Ok, the sepia-toned woman, so busy with living, “didn’t grieve that she couldn’t stay PERIOD.” Got it. Message to the poem’s speaker from two women, one on the bridge now, one there a hundred years ago: when in Paris, be in love or at least be here now. PERIOD.

“In Paris” was published in Dennis’s 1993 poetry collection The Near World. Unlike the poem’s distracted narrator who was focused on the deep past, the poetry group was reading a modern poem written in our lifetimes. But we were like the narrator in one respect: we were enthralled. We were in Paris, and I think we were falling in love with this poem.

And now, weeks after the poetry group discussion, I find myself re-reading Dennis’s poem umpteen times, poring over it like a man staring at a very old photograph while I’m working on this piece. It’s taken all day, and soon my wife and I have somewhere to be.
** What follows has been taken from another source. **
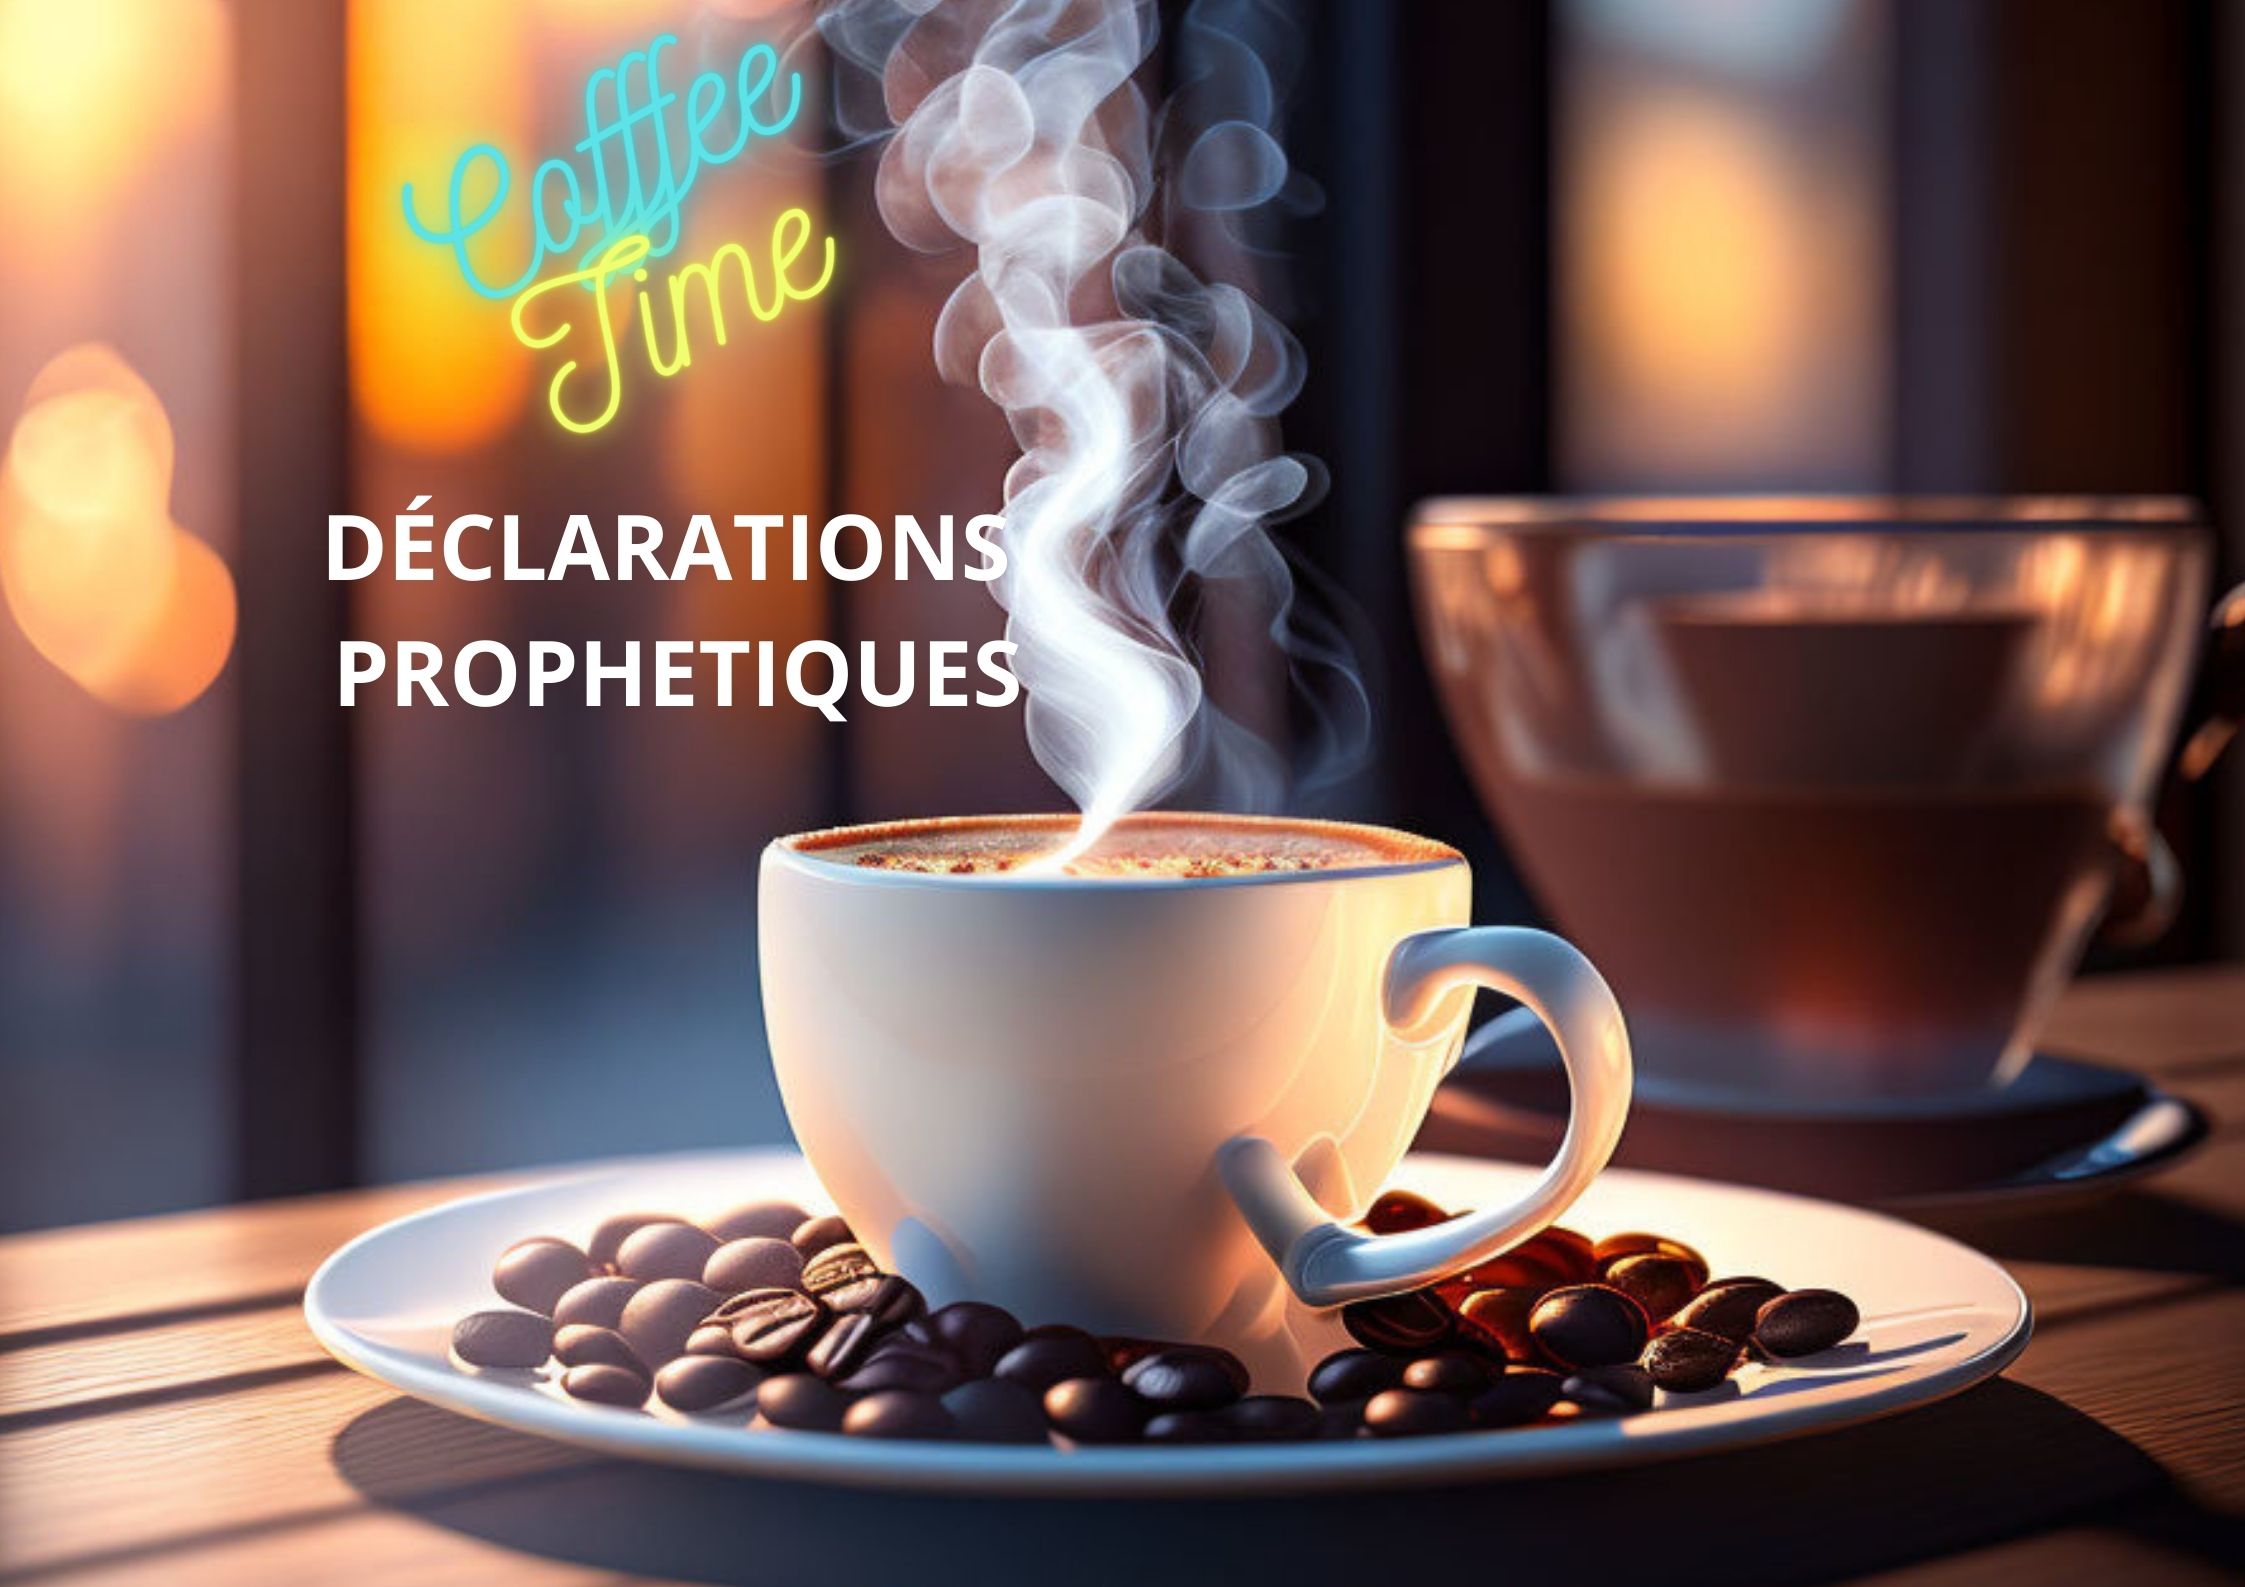 You are currently viewing LE COFFEE TIME – SOUFFLE DE VIE

I hear her call from the other room, “It’s time to go. Enough with that poem already!” I am here and it is now and we do have to go.

“Paris,“ photographer Paul Almásy

Post-script #1

Because the poem above is exactly what I shared with the group, you’ll note there’s no period at the end. Since I have it on good authority that a period belongs there, I’m duty-bound to offer the correct last line: “When she didn’t grieve that she couldn’t stay.” Ah, so much better!

Post-script #2

“In Paris” lead me to Dennis’s books of poetry which are now 14 in total plus one book of essays. I’ve bought several now, including his last, Earthborn. Many colleagues and commenters describe his poetry as thoughtful, sensitive, focused on the everyday, accessible, meditative, humane. All true. But I haven’t found any mention of how funny, how deeply wryly funny, Dennis can be.

In “Primitive,” he refrains from killing a spider in his house in order to avoid the slippery ethical slope toward killing a few people he knows. In “Progressive Health,” he advises healthy organ donors for perfectly ethical reasons not to wait another day before donating their organs. In poems like “Eurydice” and “The God Who Loves You,” you’ll laugh but only to keep from crying. Find them, read them.

The God who loves me whispers that he bets that Carl Dennis likes Groucho Marx and thinks Groucho was a good a preceptor for me in college as any of Carl’s smart colleagues.